– Слушай, сука, я надеюсь, что ее там нет, потому что она хорошая журналистка, но какой там у нее потенциал, ну, сука, Бледный, если она сделает из этого книжку, это будет дело, каких много, история, каких много. Сколько сейчас журналисты и журналистки пишут книг? Да ебал я журналистов и журналисток, со всем к ней уважением, потому как это ведь твоя жена. А люди помнят твою книжку; я к чему: даже если не помнят, то сразу и вспомнят, – бредит он, сам не понимая, что хочет сказать.
– Я уже свое написал, – повторяю я. Огни все ближе, и мы, наконец, выходим на улицу, на Войска Польского, асфальт блестит от тонкого слоя льда, тут так скользко, что лучше не отрывать подошв от дороги, просто шаркать ногами, словно идя на лыжах.

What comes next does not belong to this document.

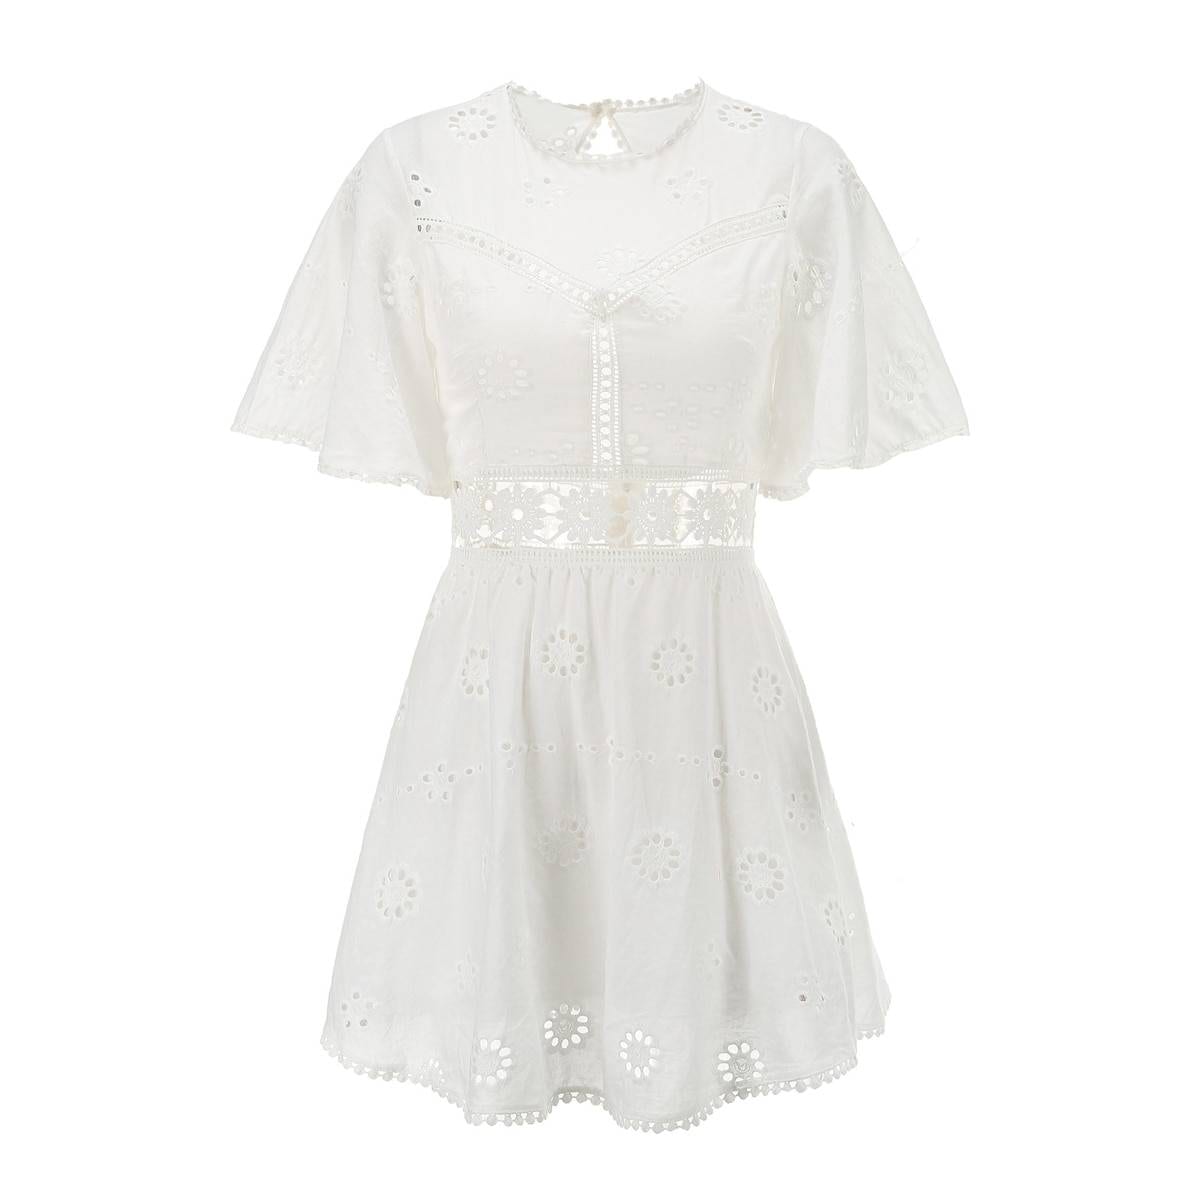 White High Waist Floral Embroidery Cotton Backless Mini Dress in Dresses
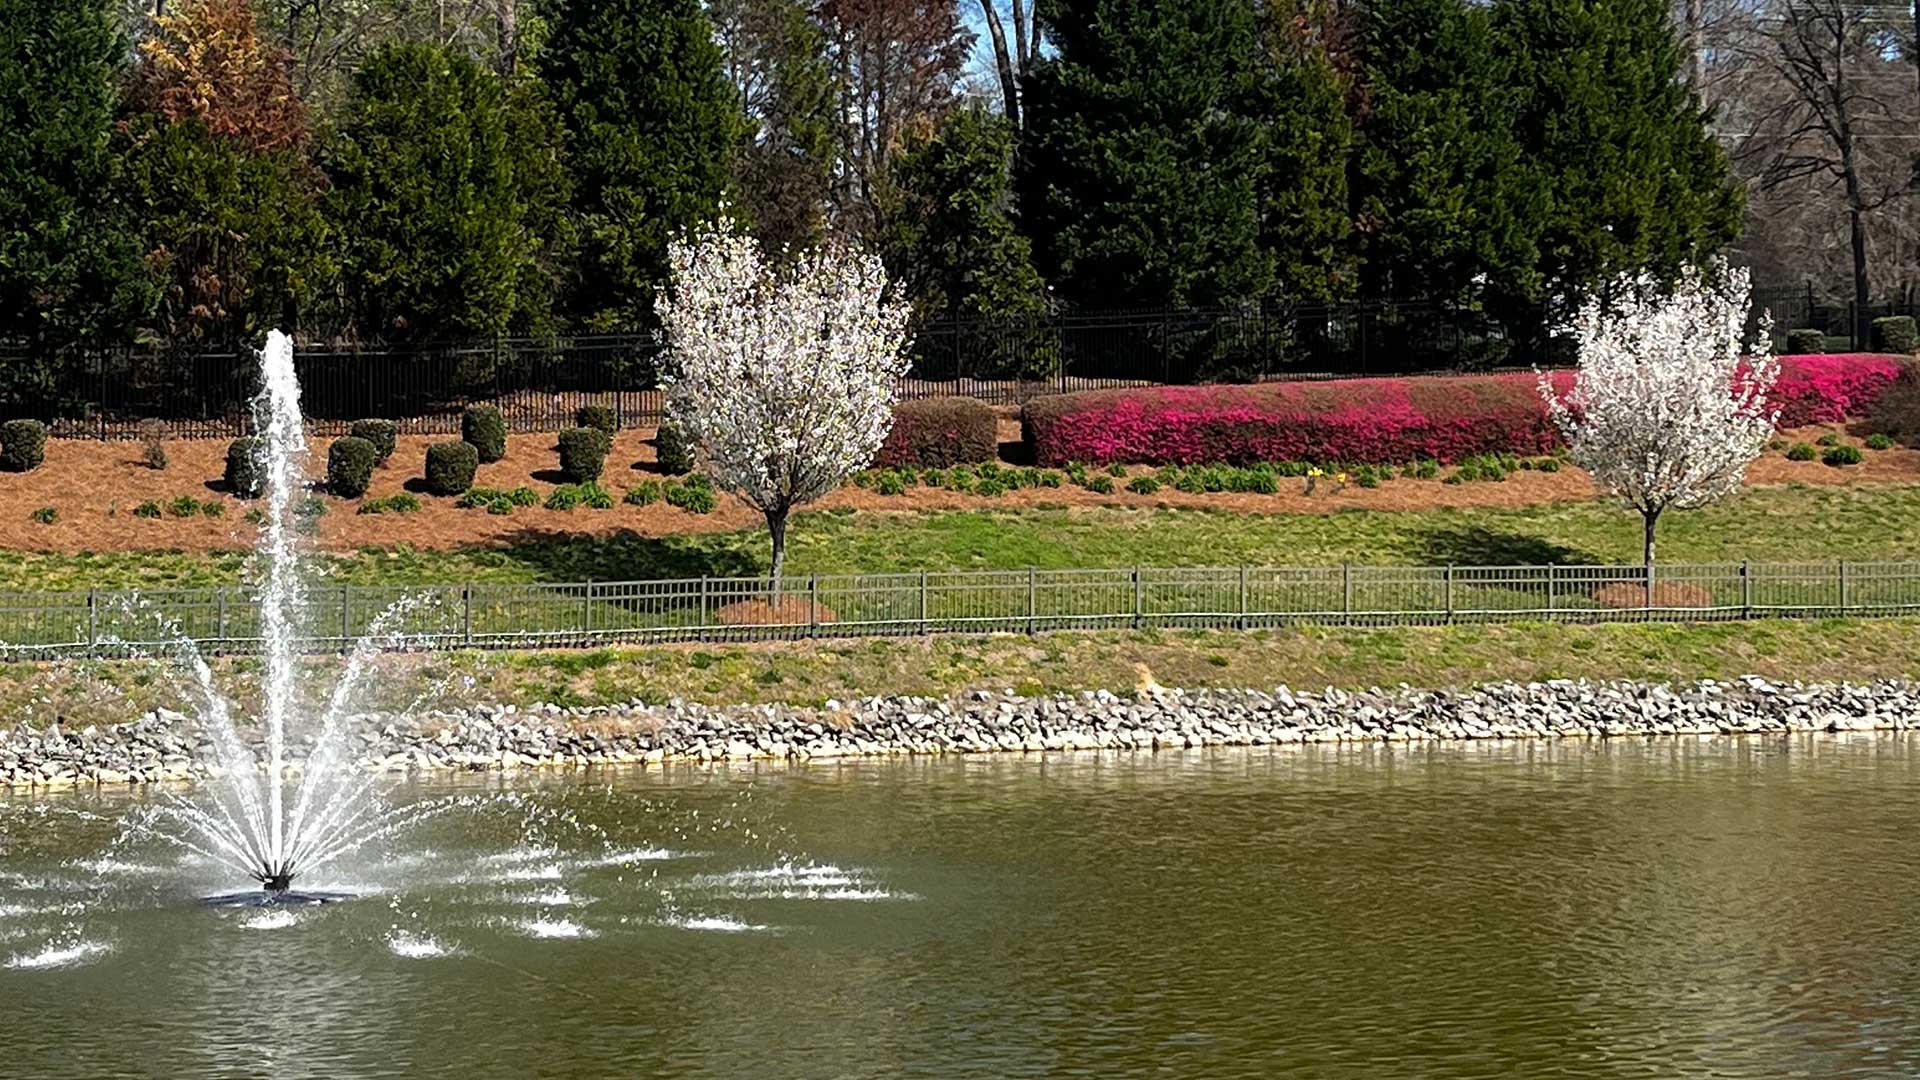 Landscaping around a beautiful pond the includes nicely maintained shrubs, plants, and trees.

– Люди говорят об этом деле. Можешь не верить, потому что ты там, а я – здесь, но люди – говорят. В Варшаве, в Познани, в Кракове. И говорят все громче. Знаешь ли, это дает надежду. Надежду, что получится что-то изменить, собраться вместе, повалить любое хуйло с Вейской [118]. Что человек может расхреначить власть, которую ему, сука, выбрали херовые соседи и старые, сука, бабы. И кто должен написать об этом, если не ты? Это может дать людям надежду. Это правда, правда большое дело, – выдавливает он. Замолкает, ждет, пока я что-то скажу, но я совершенно не знаю, что ему сказать. А потому он говорит дальше. – Слушай, да нахер тот аванс, что ты получил. Нахер эти деньги. У меня есть издательство, знаешь, этих, политических, у них есть бабло, хотят тебя им залить, только бы ты им отдал хотя бы половину текста, – мне кажется, что у него сейчас будет инсульт, столько усилия стоит ему произнести все эти слова.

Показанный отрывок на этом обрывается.